Material for this exercise

Content starts

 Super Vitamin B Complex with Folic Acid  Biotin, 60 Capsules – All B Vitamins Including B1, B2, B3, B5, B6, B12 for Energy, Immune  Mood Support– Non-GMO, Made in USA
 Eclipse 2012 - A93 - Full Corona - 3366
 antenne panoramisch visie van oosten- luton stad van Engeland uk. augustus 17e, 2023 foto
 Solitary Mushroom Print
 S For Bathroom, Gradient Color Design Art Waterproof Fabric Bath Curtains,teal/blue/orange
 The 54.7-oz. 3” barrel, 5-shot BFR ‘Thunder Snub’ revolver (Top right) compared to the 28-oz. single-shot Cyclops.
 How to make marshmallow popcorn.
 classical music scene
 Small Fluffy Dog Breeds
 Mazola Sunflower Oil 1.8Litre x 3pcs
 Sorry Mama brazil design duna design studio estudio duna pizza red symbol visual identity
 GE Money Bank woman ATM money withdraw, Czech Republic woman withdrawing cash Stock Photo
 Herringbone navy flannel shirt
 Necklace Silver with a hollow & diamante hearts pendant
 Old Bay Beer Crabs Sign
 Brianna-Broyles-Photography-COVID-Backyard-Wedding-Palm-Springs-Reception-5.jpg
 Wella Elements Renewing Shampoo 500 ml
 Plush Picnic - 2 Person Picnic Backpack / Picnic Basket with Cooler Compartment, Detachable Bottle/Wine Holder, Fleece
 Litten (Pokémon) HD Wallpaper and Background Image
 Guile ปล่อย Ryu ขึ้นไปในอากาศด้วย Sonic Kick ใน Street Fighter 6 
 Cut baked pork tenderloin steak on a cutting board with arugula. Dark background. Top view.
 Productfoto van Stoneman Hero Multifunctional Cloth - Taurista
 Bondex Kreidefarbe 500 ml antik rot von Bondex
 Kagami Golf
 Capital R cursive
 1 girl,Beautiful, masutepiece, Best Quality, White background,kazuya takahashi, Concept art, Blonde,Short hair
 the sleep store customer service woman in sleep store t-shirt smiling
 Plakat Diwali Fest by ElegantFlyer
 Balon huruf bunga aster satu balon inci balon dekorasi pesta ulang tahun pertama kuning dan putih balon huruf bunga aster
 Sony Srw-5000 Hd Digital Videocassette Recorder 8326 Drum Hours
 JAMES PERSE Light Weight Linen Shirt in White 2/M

Content ends

Set down exactly the lines of the data above, beginning with the line that has "Sorry Mama brazil" and ending with the line that has "the sleep store", and no others.

Task result
 Sorry Mama brazil design duna design studio estudio duna pizza red symbol visual identity
 GE Money Bank woman ATM money withdraw, Czech Republic woman withdrawing cash Stock Photo
 Herringbone navy flannel shirt
 Necklace Silver with a hollow & diamante hearts pendant
 Old Bay Beer Crabs Sign
 Brianna-Broyles-Photography-COVID-Backyard-Wedding-Palm-Springs-Reception-5.jpg
 Wella Elements Renewing Shampoo 500 ml
 Plush Picnic - 2 Person Picnic Backpack / Picnic Basket with Cooler Compartment, Detachable Bottle/Wine Holder, Fleece
 Litten (Pokémon) HD Wallpaper and Background Image
 Guile ปล่อย Ryu ขึ้นไปในอากาศด้วย Sonic Kick ใน Street Fighter 6 
 Cut baked pork tenderloin steak on a cutting board with arugula. Dark background. Top view.
 Productfoto van Stoneman Hero Multifunctional Cloth - Taurista
 Bondex Kreidefarbe 500 ml antik rot von Bondex
 Kagami Golf
 Capital R cursive
 1 girl,Beautiful, masutepiece, Best Quality, White background,kazuya takahashi, Concept art, Blonde,Short hair
 the sleep store customer service woman in sleep store t-shirt smiling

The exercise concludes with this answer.